Thursday, June 16, 2011

A Generic Quicksort in Scala

So, I decided to create a quicksort algorithm in Scala that showcases how to write 'generic' collection methods. That is, how can we write an external method that works across many types of collections *and* preserves the final type.

Well, here's how you do it:

import scala.collection.SeqLike
import scala.collection.generic.CanBuildFrom
import scala.math.Ordering

object QuickSort {
  def sort[T, Coll](a: Coll)(implicit ev0 : Coll <:< SeqLike[T, Coll],
                             cbf : CanBuildFrom[Coll, T, Coll],
                             n : Ordering[T]) : Coll = {
    import n._
    if (a.length < 2)
      a
    else {
      // We pick the first value for the pivot.
      val pivot = a.head
      val (lower : Coll, tmp : Coll) = a.partition(_ < pivot)
      val (upper : Coll, same : Coll) = tmp.partition(_ > pivot)
      val b = cbf()
      b.sizeHint(a.length)
      b ++= sort[T,Coll](lower)
      b ++= same
      b ++= sort[T,Coll](upper)
      b.result
    }
  }
}

I've chosen a somewhat imperative approach to the problem. The quick sort algorithm is split into two parts: The first checks for small collections and returns them, the second picks a pivot and decomposes the collection into three pieces. Theses pieces are sorted (if necessary) and pushed into a builder, cleverly named "b". This "b" is given a hint to expect the entire collection to eventually wind up in the built collection (hopefully this helps performance). Finally, after passing the three partitions to the builder, the result is returned.

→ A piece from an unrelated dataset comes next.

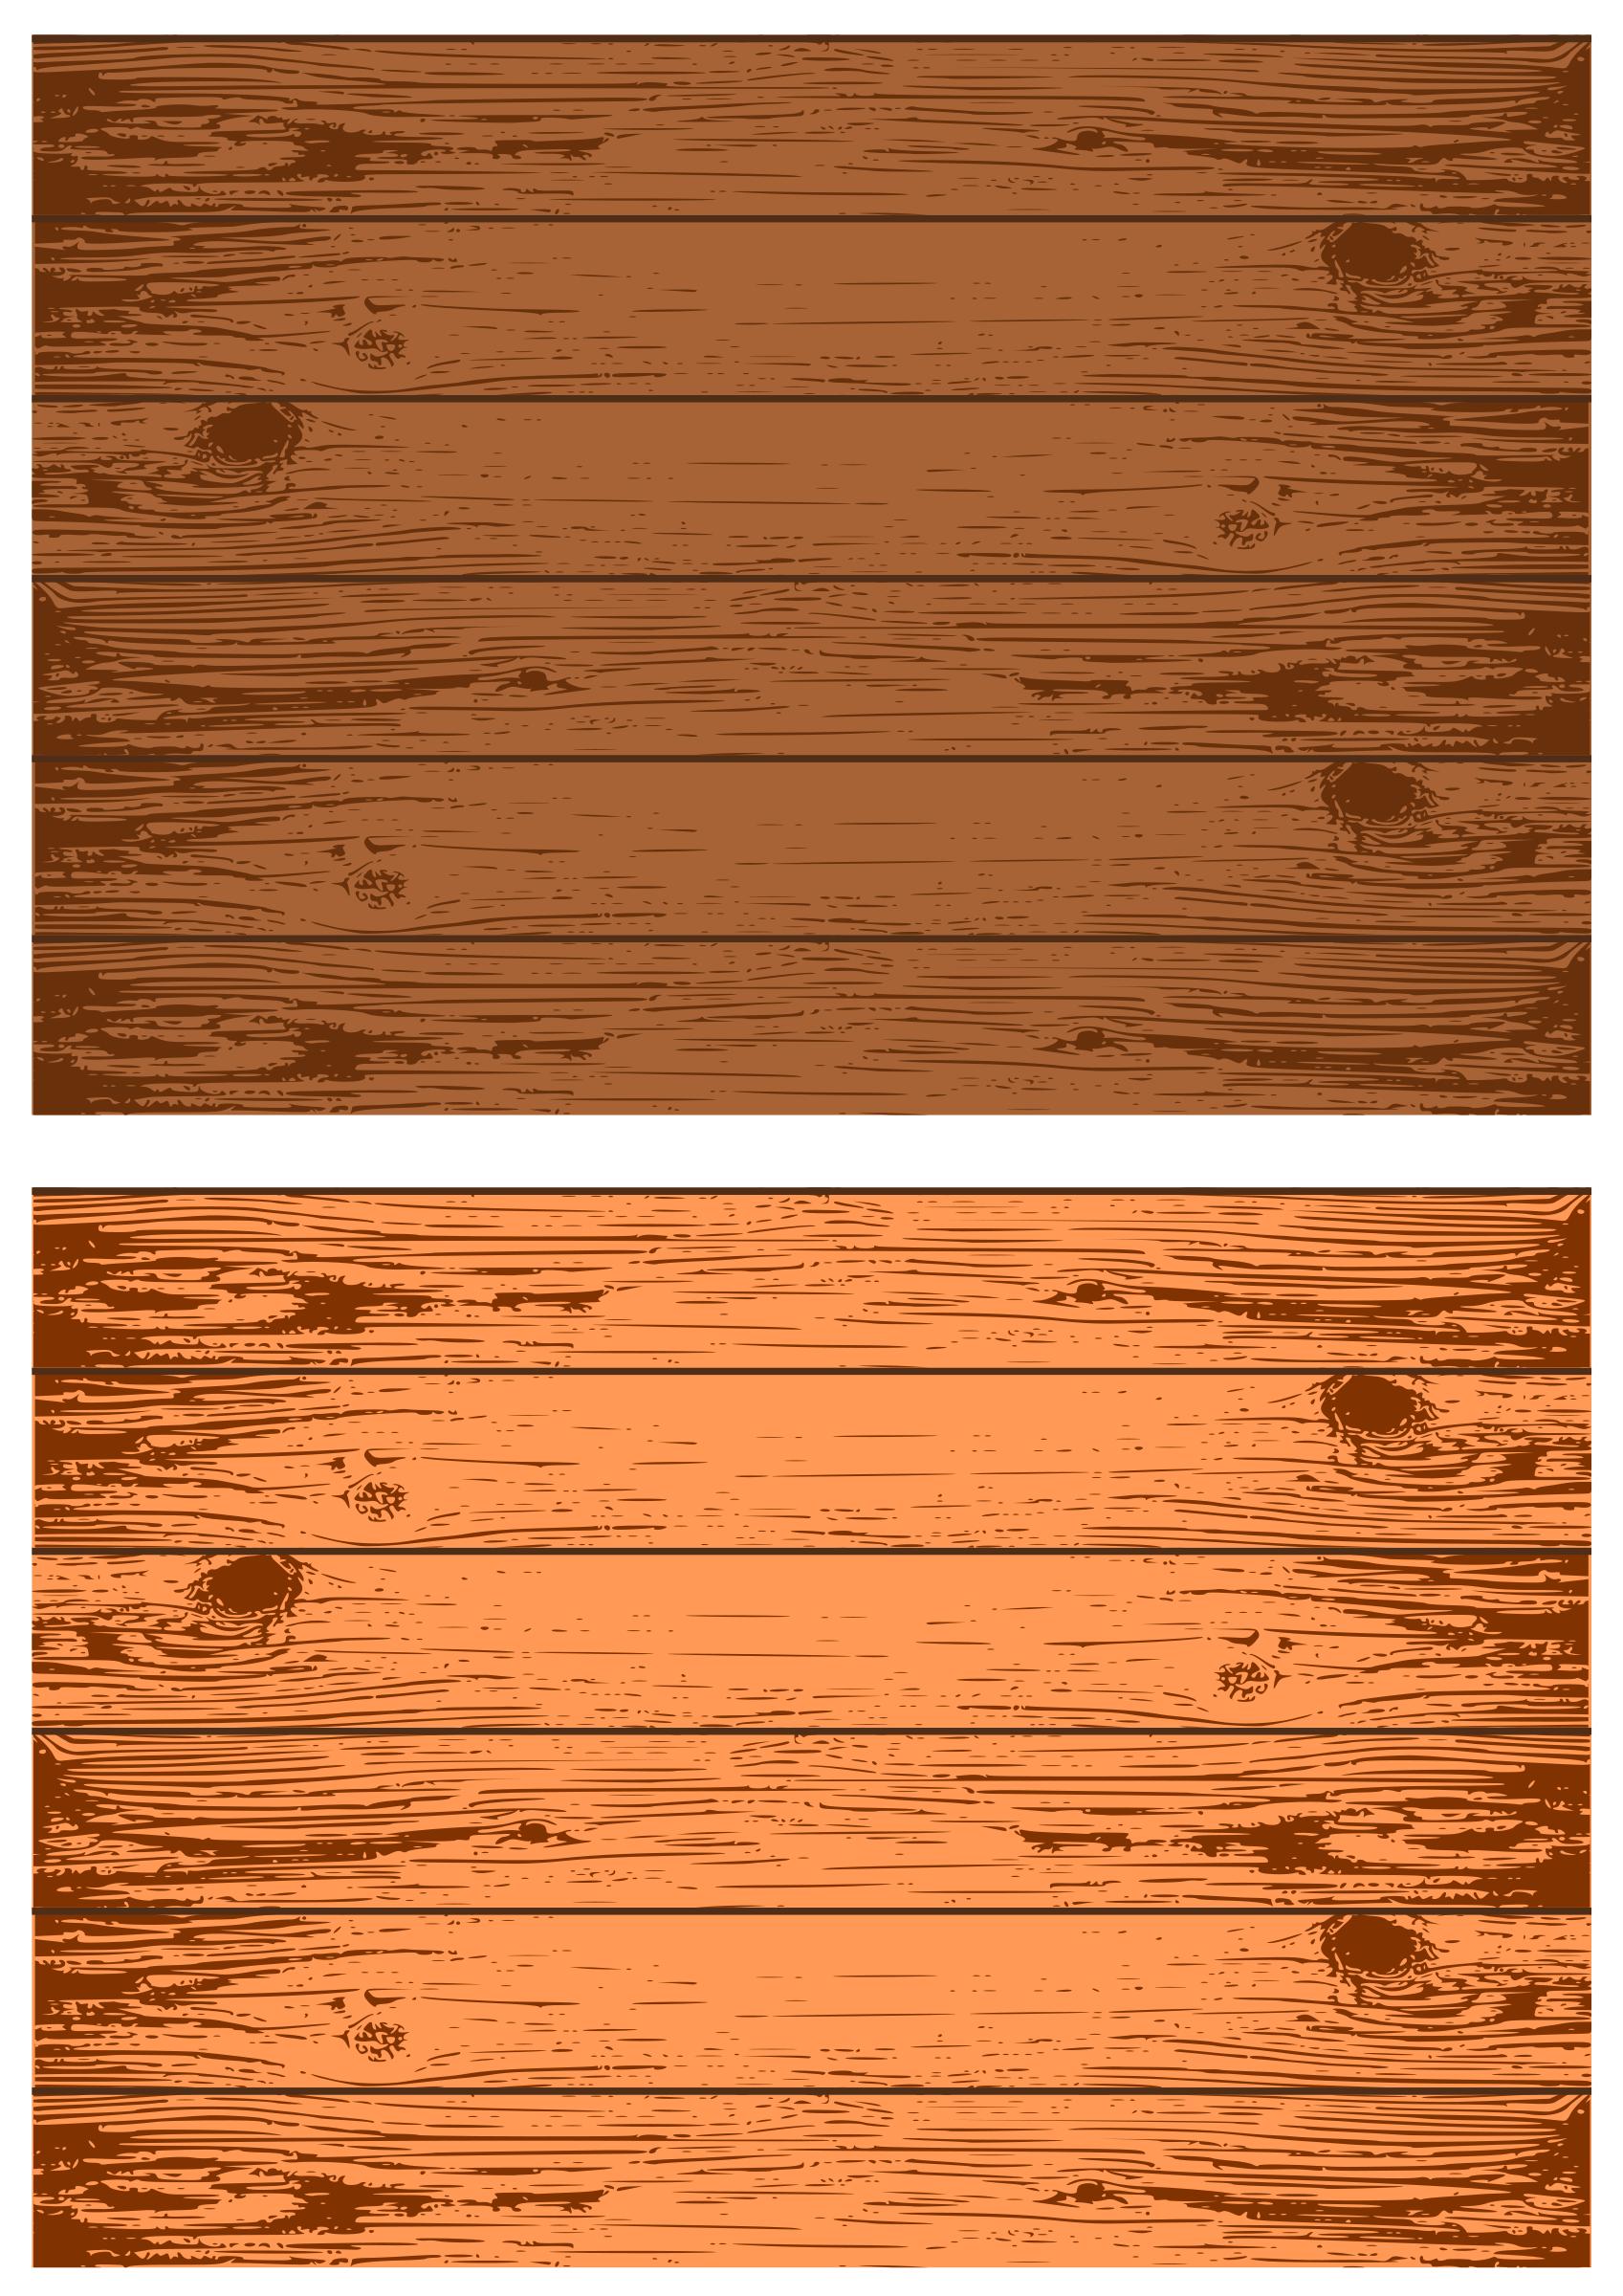 Wood grain texture icons

The magic here is in the rather confusing type signature:
def sort[T, Coll](a: Coll)(implicit ev0 : Coll <:< SeqLike[T, Coll],
                             cbf : CanBuildFrom[Coll, T, Coll],
                             n : Ordering[T]) : Coll

Let's decompose this a bit. T is the type parameter representing elements of the collection. T is required to have an Ordering in this method (the implicit n : Ordering[T] parameter in the second parameter list). The ordering members are imported on the first line of the method. This allows the < and > operations to be 'pimped' onto the type T for convenience.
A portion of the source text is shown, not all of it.